INPUT DATA -
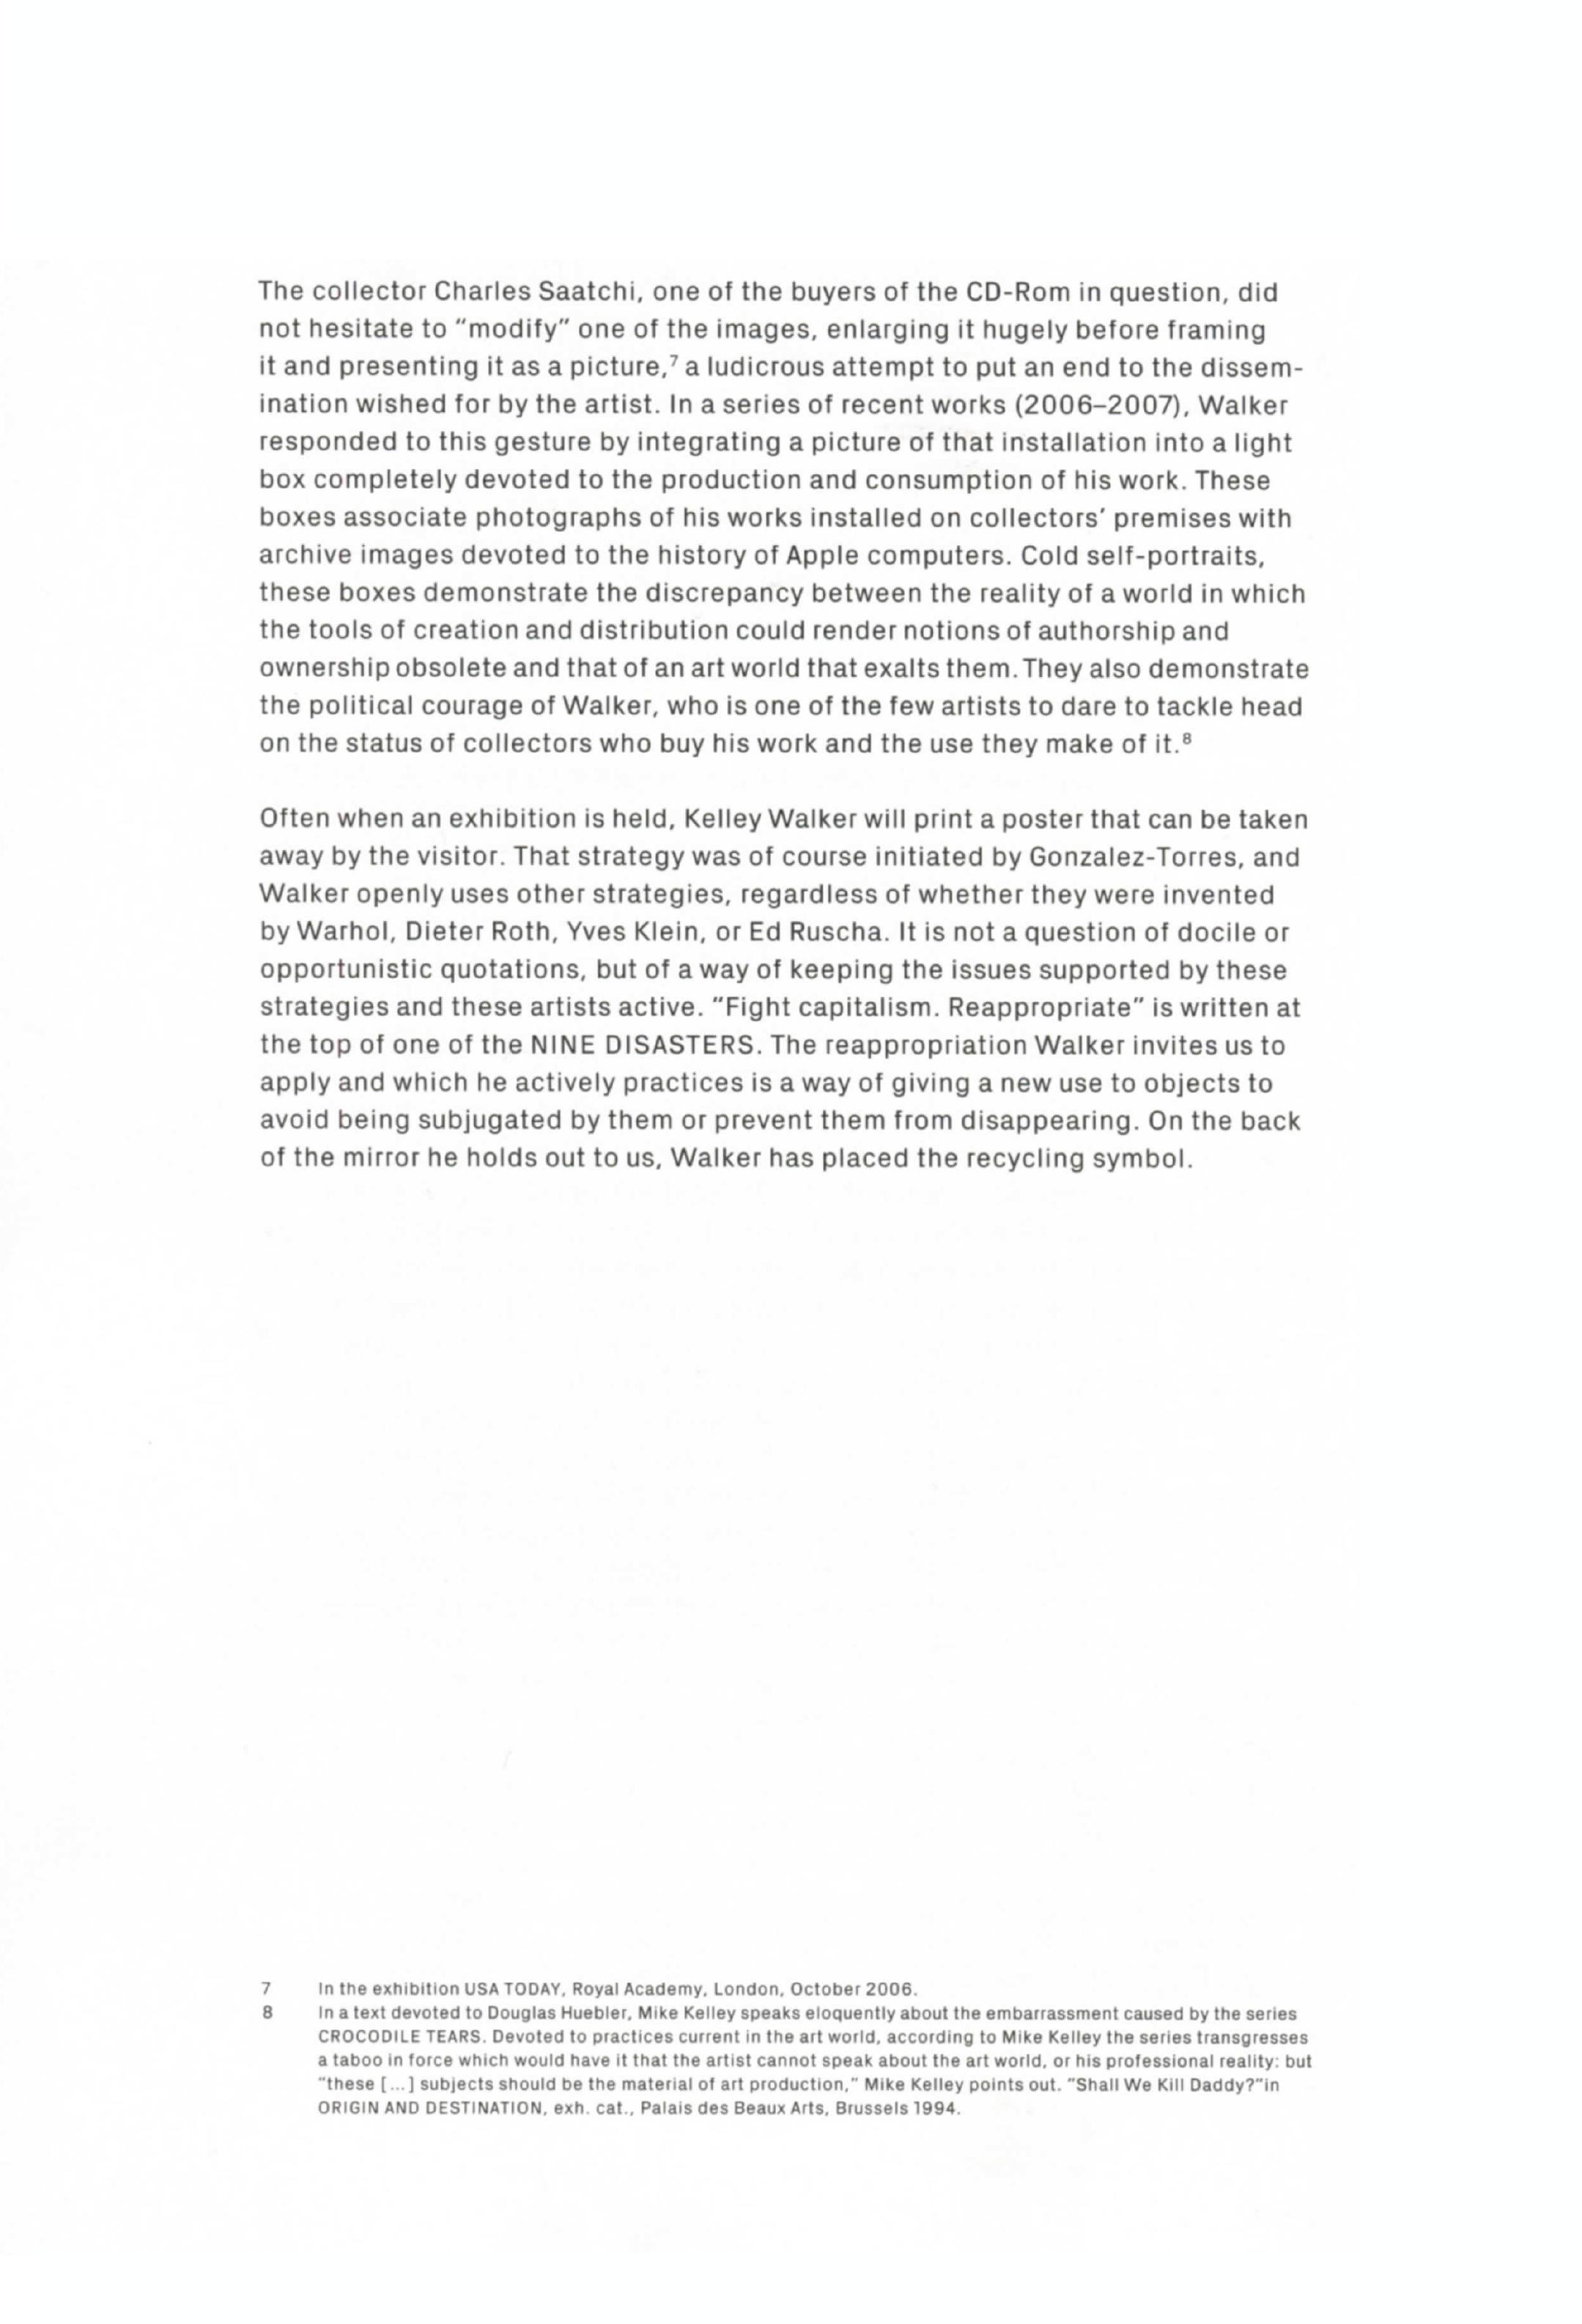 """Anne Pontégnie, """"Kelley Walker: The Possibility of Taking Action"""" in: Kelley Walker"""". Zürich: JRP Ringier, 2008, p.67-70."""
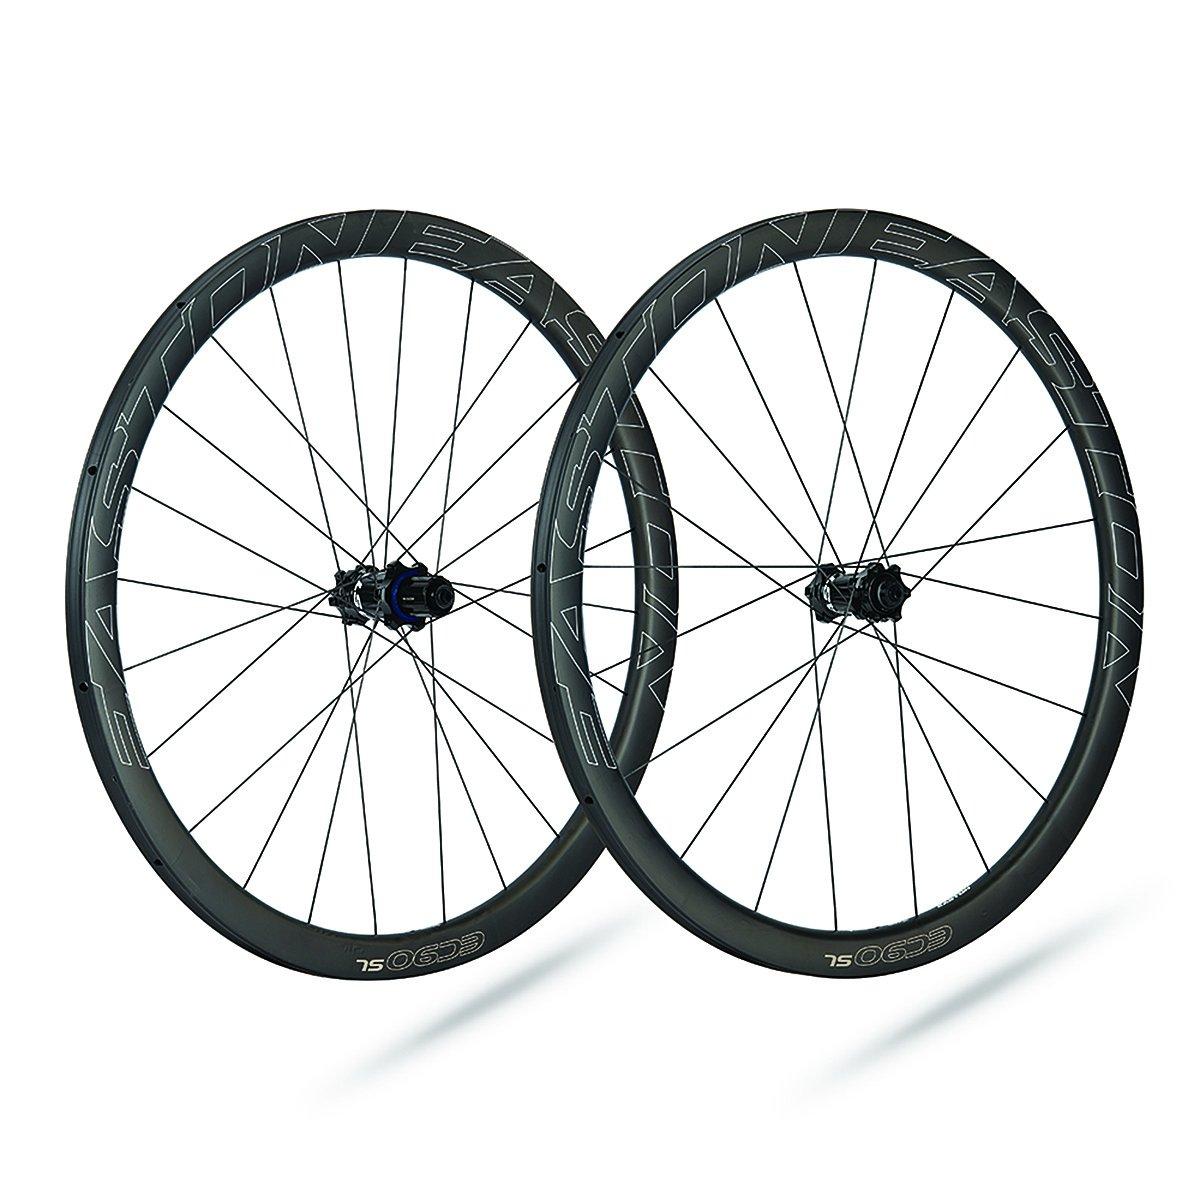 Easton 7024283 EC90 SL Roue arrière pour vélo de route B00M1K94DQ
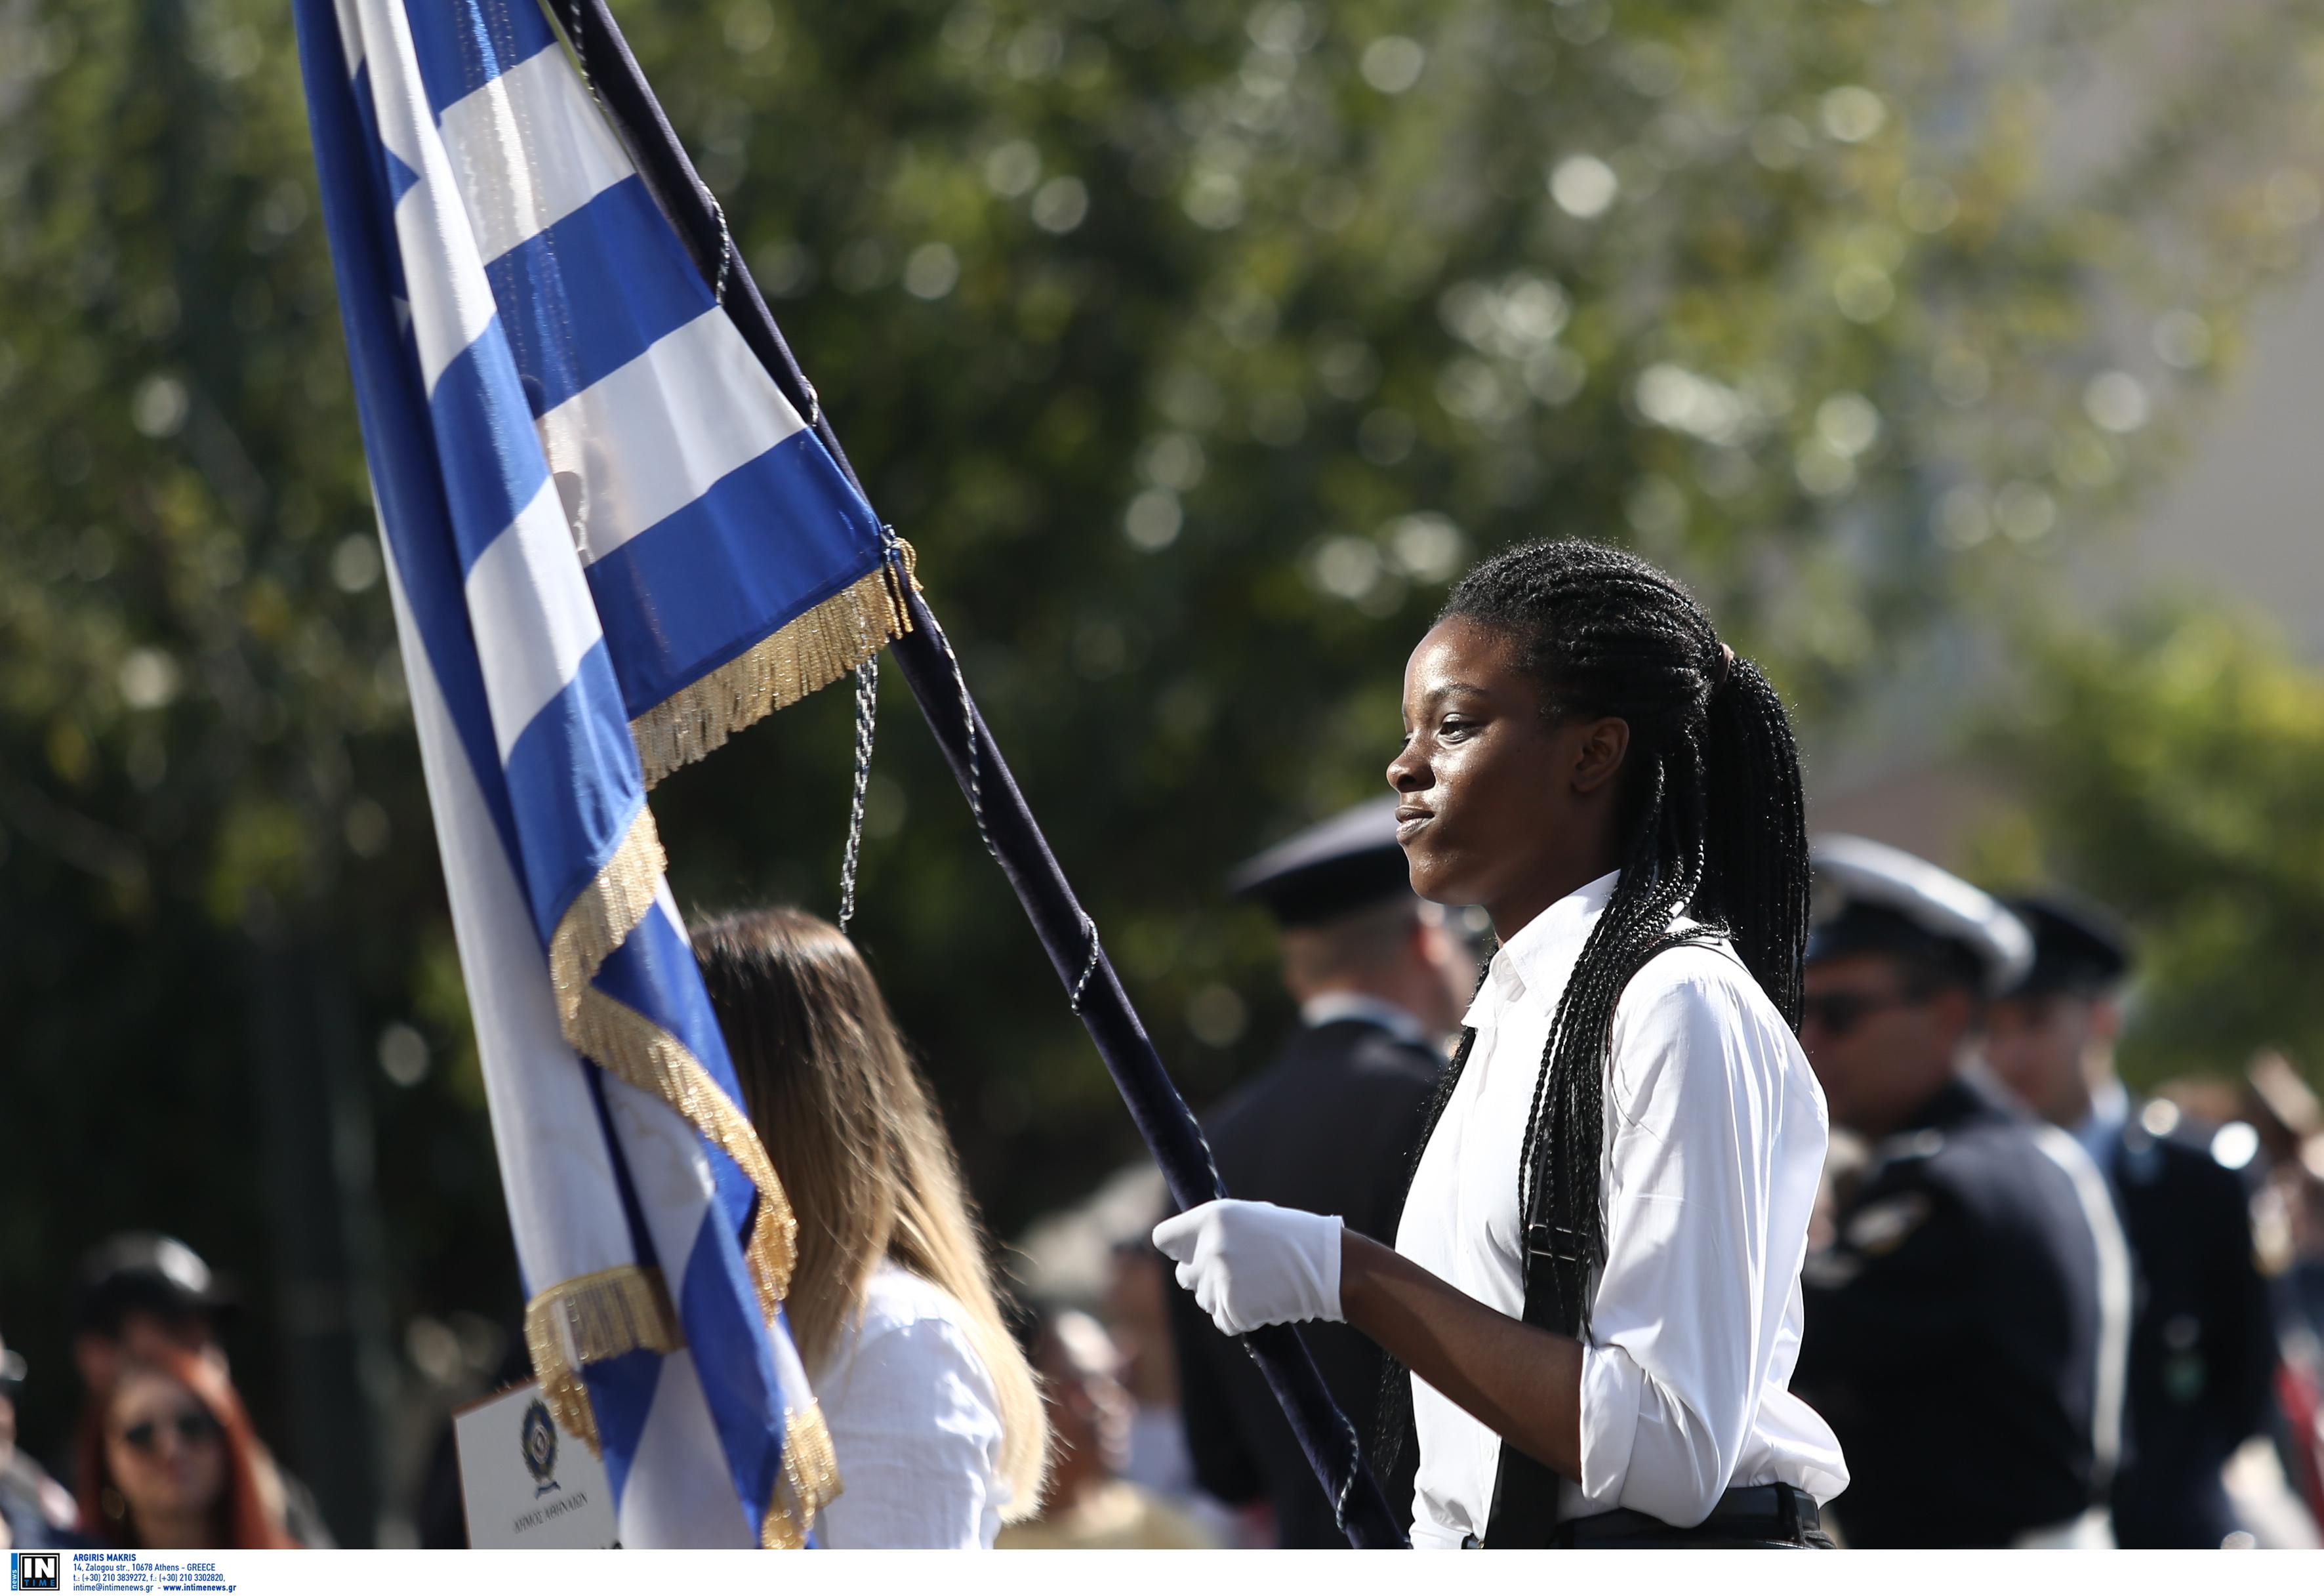 Συγκινεί η 17χρονη σημαιοφόρος από τη Νιγηρία! Οι ελπίδες, τα όνειρα και η πίστη στο Θεό!

TASK REQUIREMENTS - Exactly the lines from the line that contains "Easton 7024283 EC90" through the last line above, and no other lines, must be output, with pictures excluded.

WRITTEN RESPONSE -
 Easton 7024283 EC90 SL Roue arrière pour vélo de route B00M1K94DQ
 Συγκινεί η 17χρονη σημαιοφόρος από τη Νιγηρία! Οι ελπίδες, τα όνειρα και η πίστη στο Θεό!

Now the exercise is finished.